From: Kevin Wolf <kwolf@redhat.com>
To: Max Reitz <mreitz@redhat.com>
Cc: qemu-devel@nongnu.org, Stefan Hajnoczi <stefanha@redhat.com>
Subject: Re: [Qemu-devel] [PATCH v5 09/26] qcow2: Helper for refcount array reallocation
Date: Wed, 4 Feb 2015 14:21:38 +0100 [thread overview]
Message-ID: <20150204132138.GC5641@noname.redhat.com> (raw)
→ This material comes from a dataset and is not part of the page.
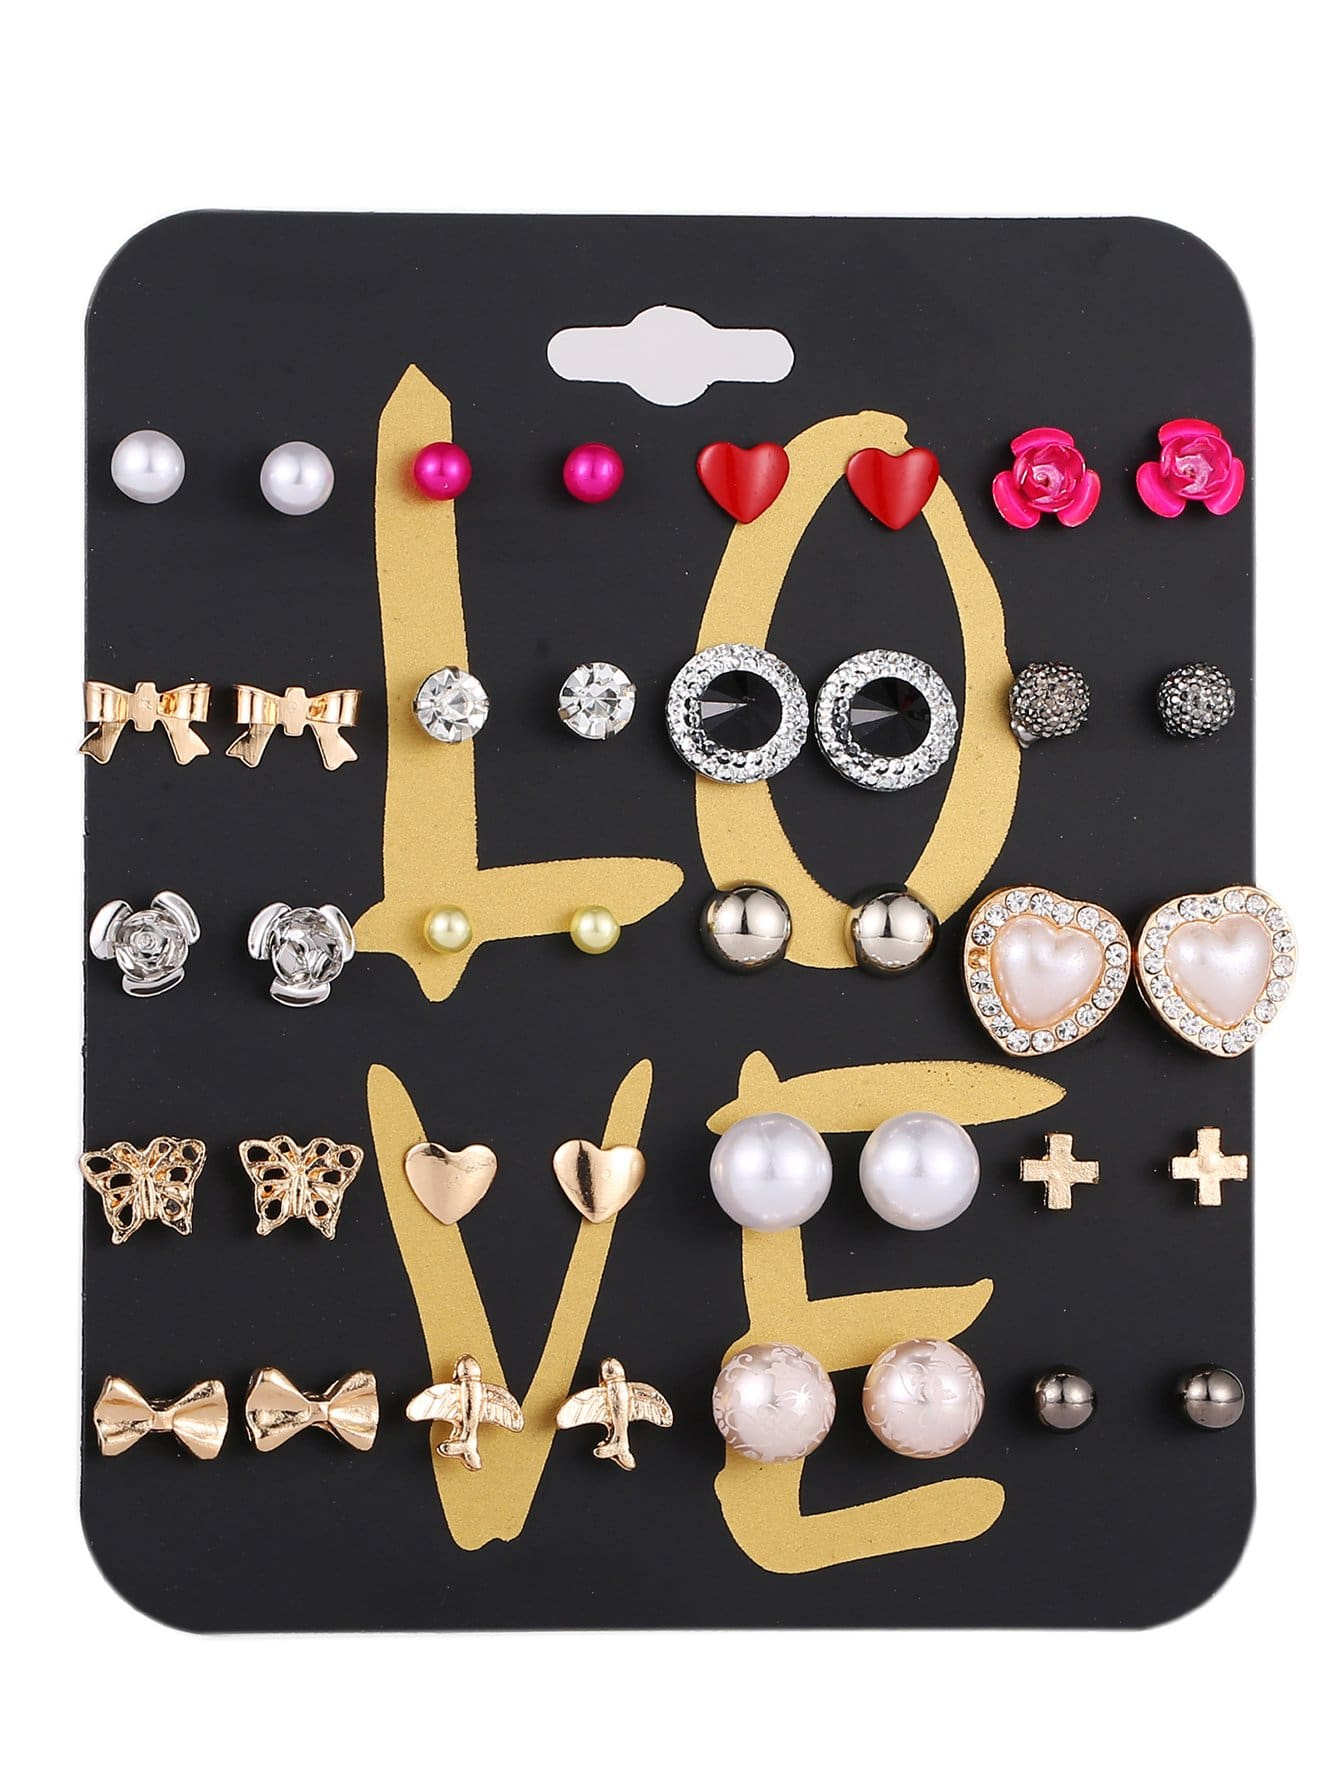 Multishaped Stud Earrings 20pairs

In-Reply-To: <1418647857-3589-10-git-send-email-mreitz@redhat.com>
Am 15.12.2014 um 13:50 hat Max Reitz geschrieben:
> Add a helper function for reallocating a refcount array, independent of
> the refcount order. The newly allocated space is zeroed and the function
> handles failed reallocations gracefully.
>
> The helper function will always align the buffer size to a cluster
> boundary; if storing the refcounts in such an array in big endian byte
> order, this makes it possible to write parts of the array directly as
> refcount blocks into the image file.
>
> Signed-off-by: Max Reitz <mreitz@redhat.com>
> Reviewed-by: Eric Blake <eblake@redhat.com>
> ---
> block/qcow2-refcount.c | 137 +++++++++++++++++++++++++++++++------------------
> 1 file changed, 88 insertions(+), 49 deletions(-)
>
> diff --git a/block/qcow2-refcount.c b/block/qcow2-refcount.c
> index fd28a13..4ede971 100644
> --- a/block/qcow2-refcount.c
> +++ b/block/qcow2-refcount.c
> @@ -1130,6 +1130,70 @@ fail:
> /* refcount checking functions */
>
>
> +static size_t refcount_array_byte_size(BDRVQcowState *s, uint64_t entries)
> +{
> + if (s->refcount_order < 3) {
> + /* sub-byte width */
> + int shift = 3 - s->refcount_order;
> + return DIV_ROUND_UP(entries, 1 << shift);
> + } else if (s->refcount_order == 3) {
> + /* byte width */
> + return entries;
> + } else {
> + /* multiple bytes wide */
> +
> + /* This assertion holds because there is no way we can address more than
> + * 2^(64 - 9) clusters at once (with cluster size 512 = 2^9, and because
> + * offsets have to be representable in bytes); due to every cluster
Considering this, which implies that a multiplication by 64 can't
overflow, why can't this function be as simple as the following?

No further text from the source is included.